Not asleep. Distracted. A little half laugh slips from me.
“Good thing I have this, then.” I lift my steaming mug of coffee and take another sip.
She, on the other hand, is wide awake, despite an evening date with the king. Awake and practically glowing. Another soft sigh falls from her lips as she looks out across the dew-covered grass.
“It was that good of a date, huh?” I say.
Her smile widens, and she takes another sip before answering. “It really was. I didn’t expect it to be, but…yeah.”
Gosh, the girl is lovestruck. “And you two just…talked?”

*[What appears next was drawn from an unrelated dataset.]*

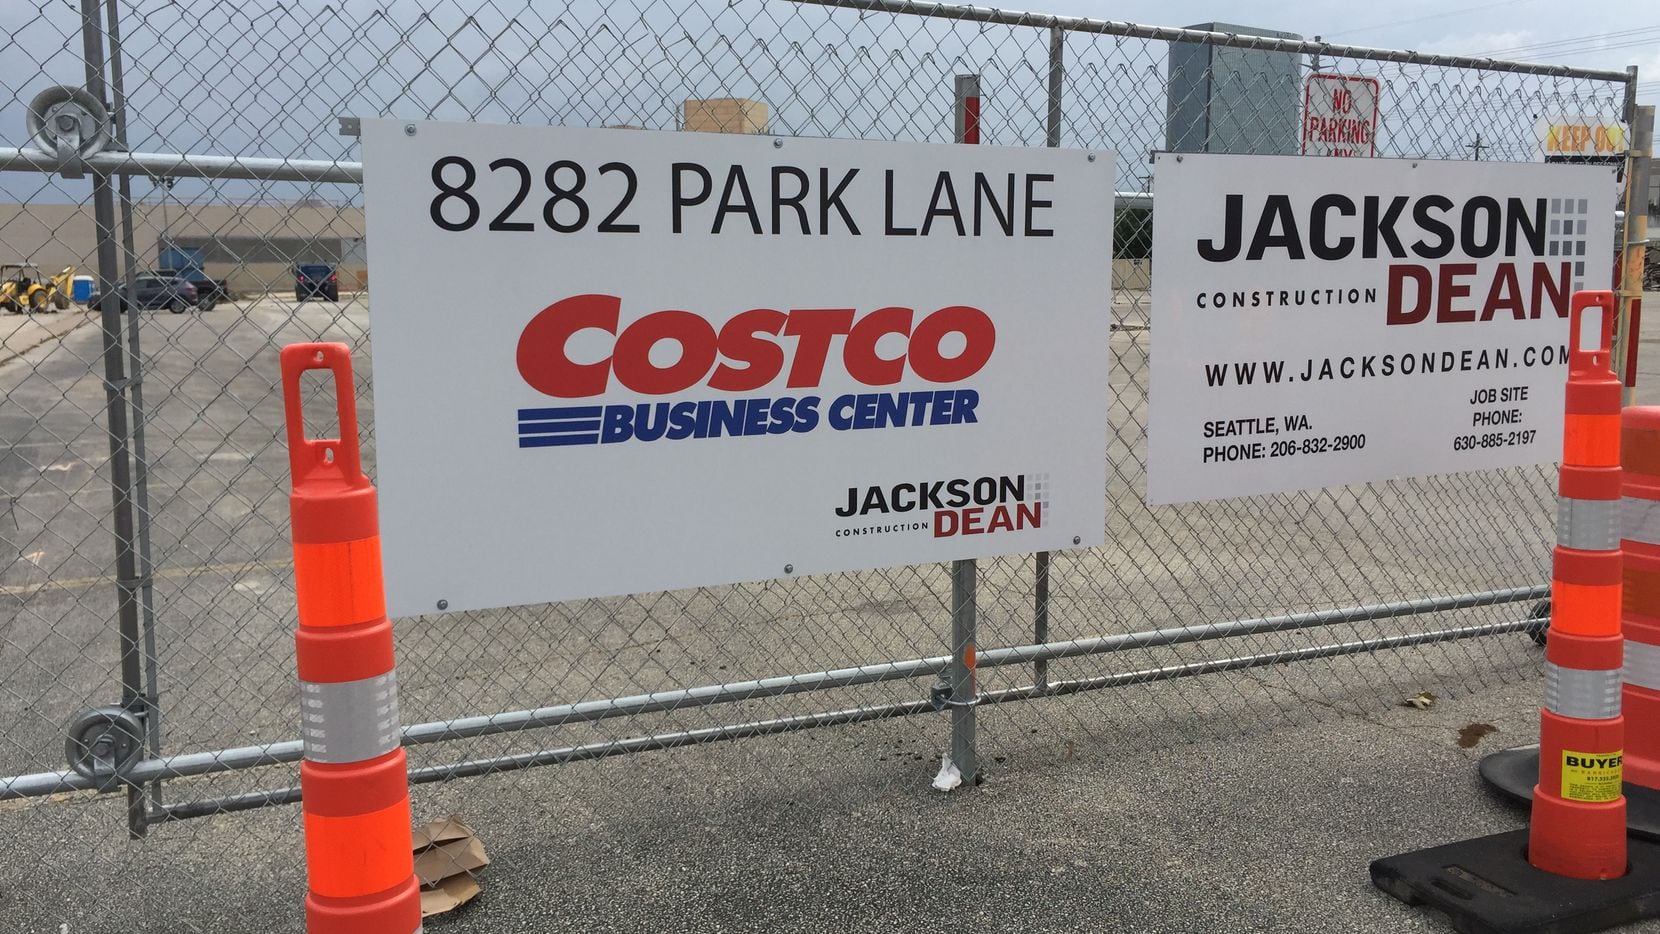 Costco Business Center has a focus of serving other businesses, but anyone with a Coscto membership can shop there.

It’s hard to believe, especially after the one-sided date I had with Vasilius. But maybe Bailey likes to listen? Maybe that wasideal for her? Or maybe her date was just wonders better than mine. Maybe I messed up somewhere and the king doesn’t want to get to know me? I squeeze the mug a little tighter between my palms. I can’t help but relive every moment of that lunch and think about how or what I could have done differently. He liked the dance though. I know that was true enjoyment on his face at the end.
“He told me all about Faery, about being king and the burdens of the role that a queen would share with him.” Bailey looks at me, her brows pinched. “I think so many women see a title like queen and get stuck on the sparkly gowns, the wealth, the privilege. But there’s so much more than that. Those are perks, no doubt, but it’s real work too, and Vasilius needs someone who can walk beside him and help carry those burdens. In some ways, it’s a lot like looking after my younger siblings back home. Always someone screaming for your attention, many needs to be met, lots of people depending on you, day in and day out.” She shakes her head, blowing out a long breath. “It’s exhausting.”
“They sound more like your kids than your siblings,” I joke, but her eyes darken, and I wonder if I’ve made a huge misstep.